Planning a garden also sends me the great invitation to higher thought. The garden is in my mind, as I weave my way through onions and potatoes, into my heart and happiness, pain and suffering, past the scratching chickens and under the trellis of blooming Morning Glories. A chronic illness last summer left me feeling like the tiny seeds in the dark of the soil, madly trying to find their way to the sun or the spindly little cherry tomato plant that we were ready to put out of its misery, barely able to hold itself up. But again, the garden teaches me. Those tiny seeds hold within them a brilliance that should make us weep, and the spindly tomato plant just needed time, love and a little support to find it’s abundance.
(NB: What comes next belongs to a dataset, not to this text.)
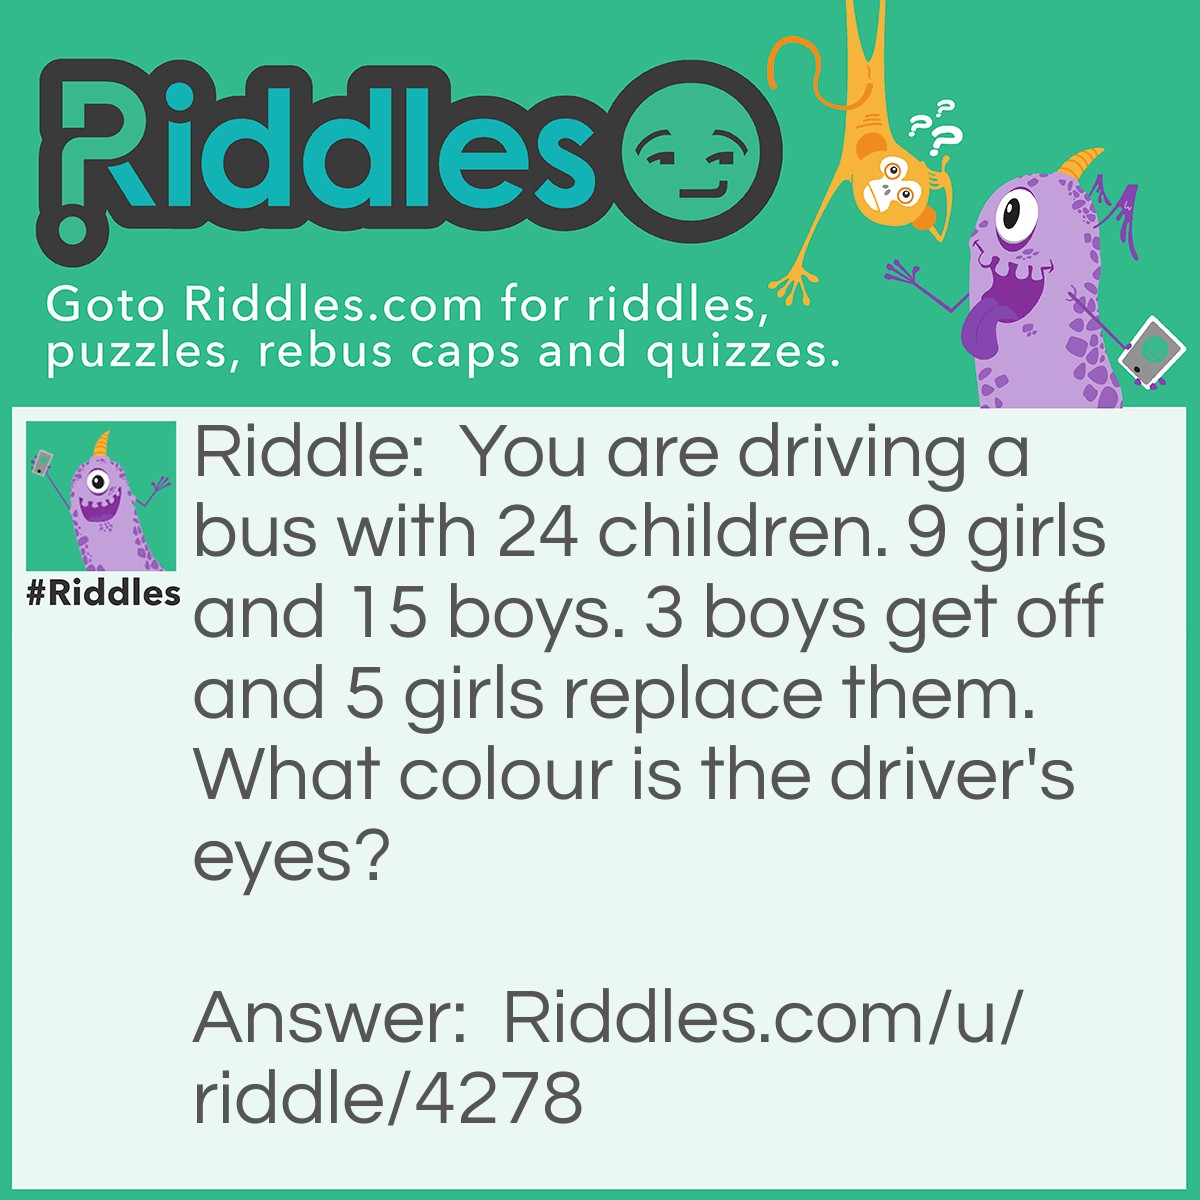 Riddle: You are driving a bus with 24 children. 9 girls and 15 boys. 3 boys get off and 5 girls replace them. What colour is the driver's eyes? Answer: The colour of your eyes, you're the driver!

Each of the five gardens we have planted have painted a picture of that present moment. There is the one of me squatting down, breaking off my first purple bean or me triumphantly pulling a giant Canadian Thistle or me sitting at the entrance of the abundant garden sipping tea with my husband or the one where I am gone and the garden is left alone. They all have a single word written below them that describes the main lesson of that year. My first year was courage. The second was persistence. The third was grief. The fourth was weary. The fifth was anxious. If I could predict the sixth, I think I would choose the word restored.
Thoughts of this year’s garden inspire me to honor the greatness within all of us. To transcend the trappings of culture, think boldly, live mindfully, love fully and connect with Universe. We are all like the tiny seeds and the once spindly tomato plant, full of brilliance and our own unique greatness.